Guardian of The Threshold - According To Theosophy

According To Theosophy

The Dweller of the Threshold (or Guardian of the Threshold) is a literary invention of the English mystic and novelist Edward Bulwer Lytton, found in his romance Zanoni (1842). Right after the novel, the term has obtained wide currency and usage in theosophical circles. The Guardian of the Threshold is a spectral figure and is the abstract of the debit and credit book of the individual. "It is the combined evil influence that is the result of the wicked thoughts and acts of the age in which any one may live, and it assumes to each student a definite shape at each appearance, being always either of one sort or changing each time" "This Dweller of the Threshold meets us in many shapes. It is the Cerberus guarding the entrance to Hades; the Dragon which St. Michael (spiritual will-power) is going to kill; the Snake which tempted Eve, and whose head will be crushed by the heel of the woman; the Hobgoblin watching the place where the treasure is buried, etc.

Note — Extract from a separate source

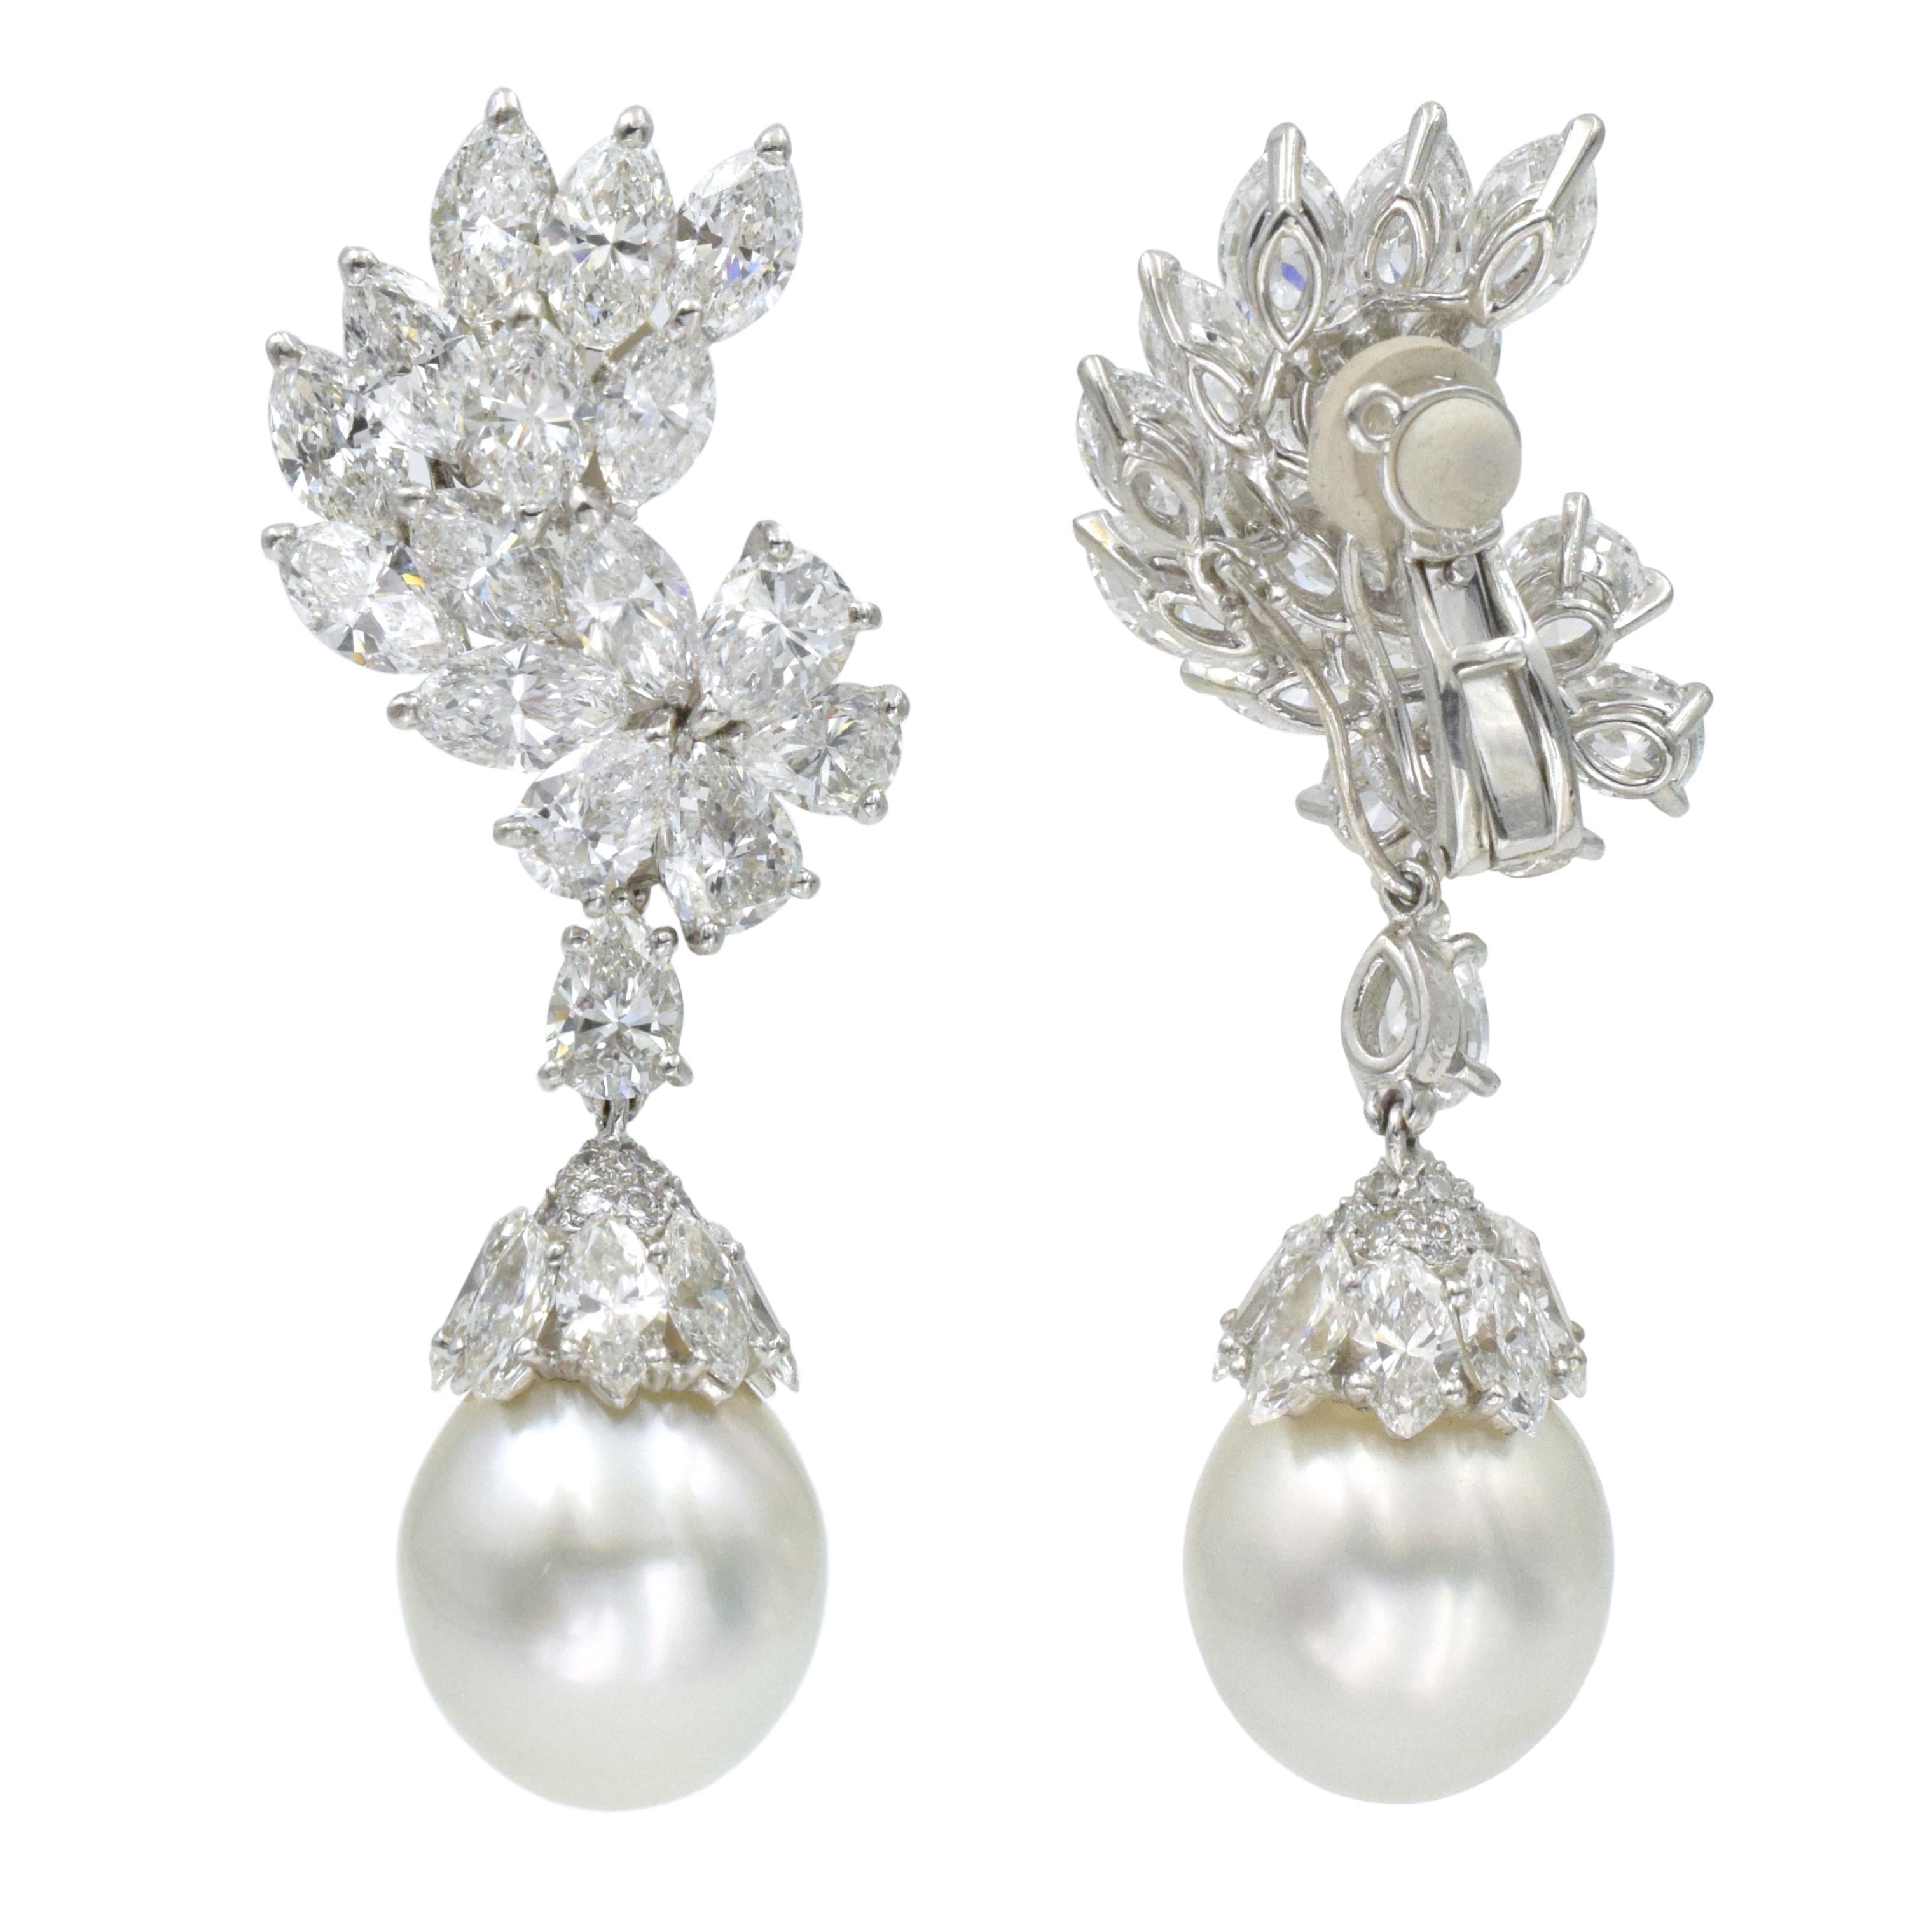 Cartier Diamond and South Sea Pearl Pendant-Earclip Earrings For Sale ...

He is the king of evil, who will not permit that within his kingdom a child should grow up, which might surpass him in power; the Herod before whose wrath the divine child Christ has to flee into a foreign country, and is not permitted to return to his home (the soul) until the king (Ambition, Pride, Vanity, Self-righteousness, etc.) is dethroned or dead." According to Max Heindel, the Dweller on the Threshold (also called Guardian of the Threshold), which every aspirant has to meet -usually at an early stage of his progress into the unseen worlds- is one of the main causes of obsession of men interested in occultism.